Phase calibration of interferometer arrays at high‐frequency radars

Elevation angles of backscattered signals are calculated at the Super Dual Auroral Radar Network (SuperDARN) high‐frequency radars using interferometric techniques. These elevation angles make it possible to estimate the geographic location of the scattering point, an essential piece of information for many ionospheric studies. One of the most difficult parameters to measure is the effective time delay caused by the difference in the electrical path length that connects the main array and the interferometer arrays to the correlator ( δ t c ). This time delay causes a bias in the measured difference in the signal phase, also known as a phase bias. Phase calibration is difficult due to unknown physical attributes of the hardware and the remote location of many radars. This leads to the possibility of sudden external changes, slow temporal drift, and a dependence on transmission frequency. However, it is possible to estimate δ t c using the radar observations themselves.

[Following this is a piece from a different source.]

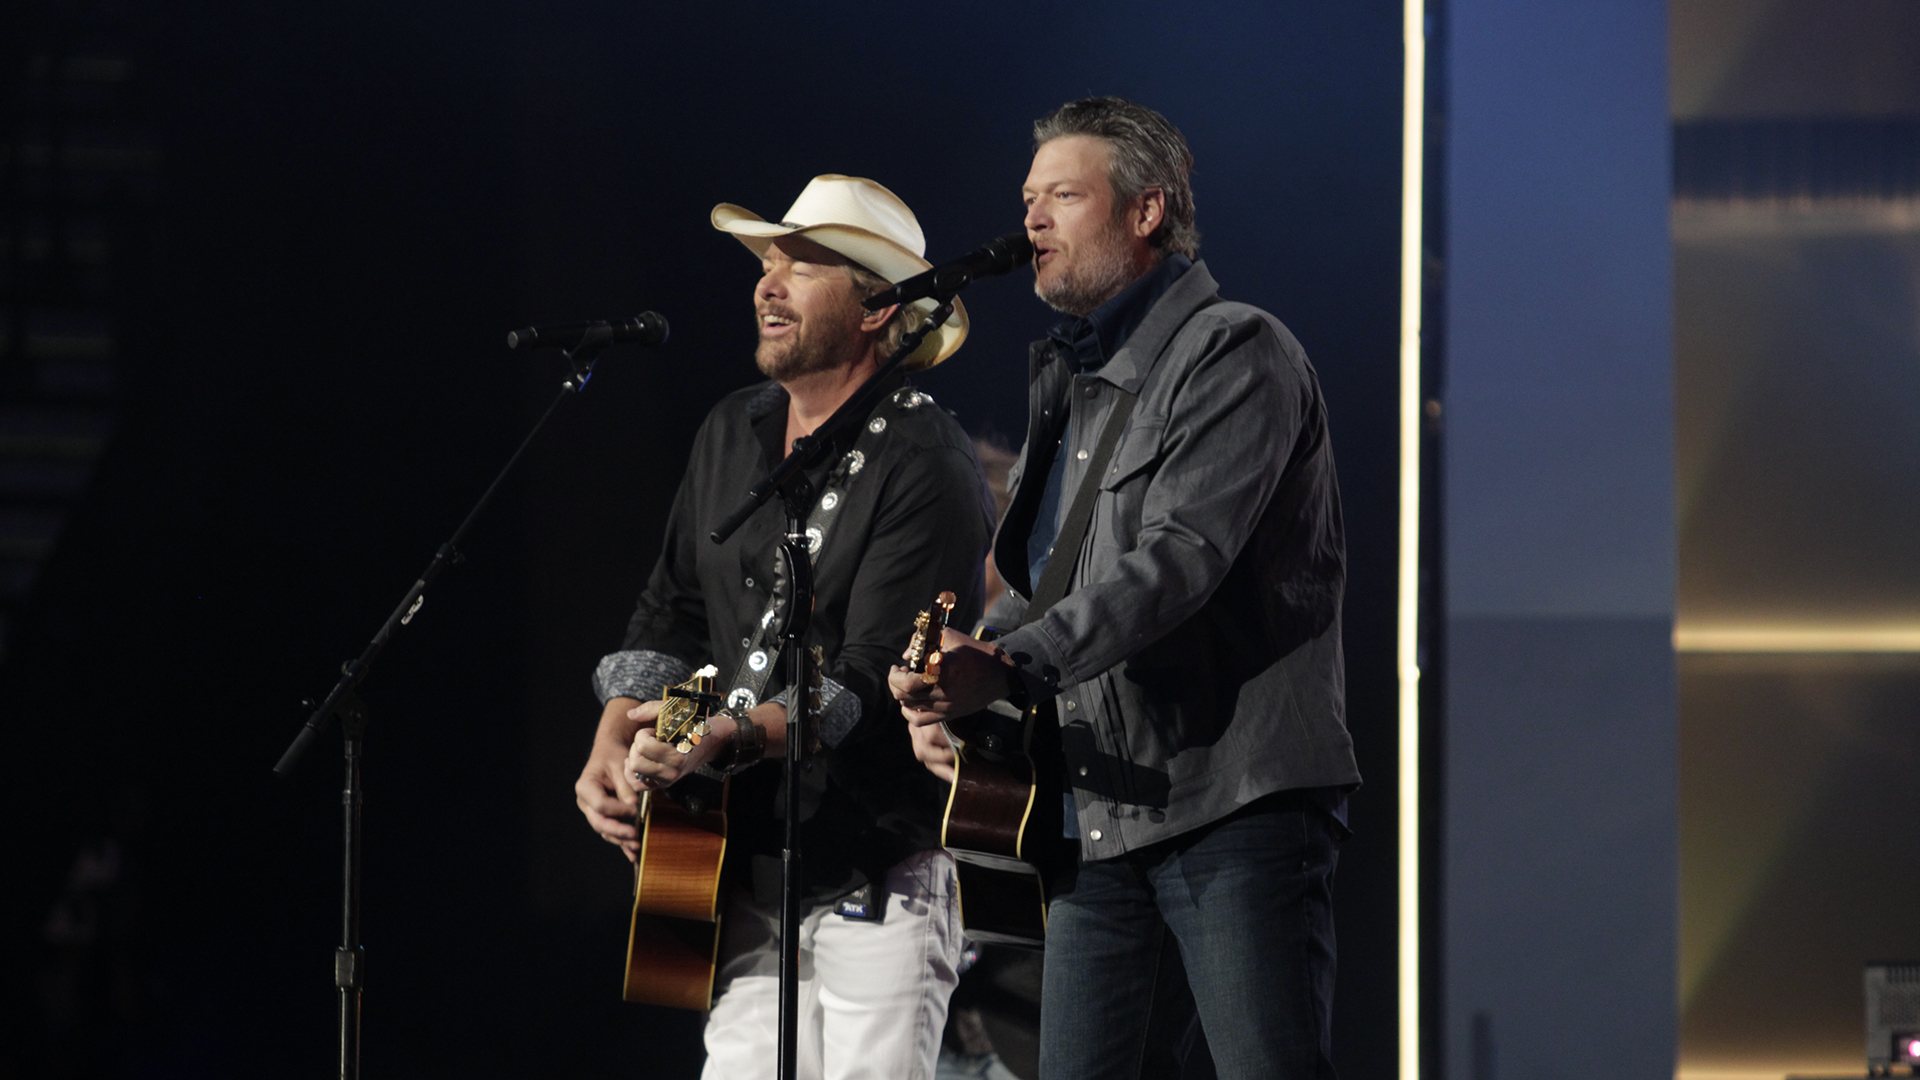 In an ACM flashback, Toby Keith and Blake Shelton perform Keith's 1993 hit

This article presents a method for estimating δ t c using backscatter with a known location, such as backscatter from artificially generated irregularities, meteor echoes, or distinct groundscatter, which incorporates the uncertainty in the observations and may be used autonomously. Applying the estimated δ t c is shown to improve elevation angle uncertainties at one of the SuperDARN radars from their current potential tens of degrees to less than a degree.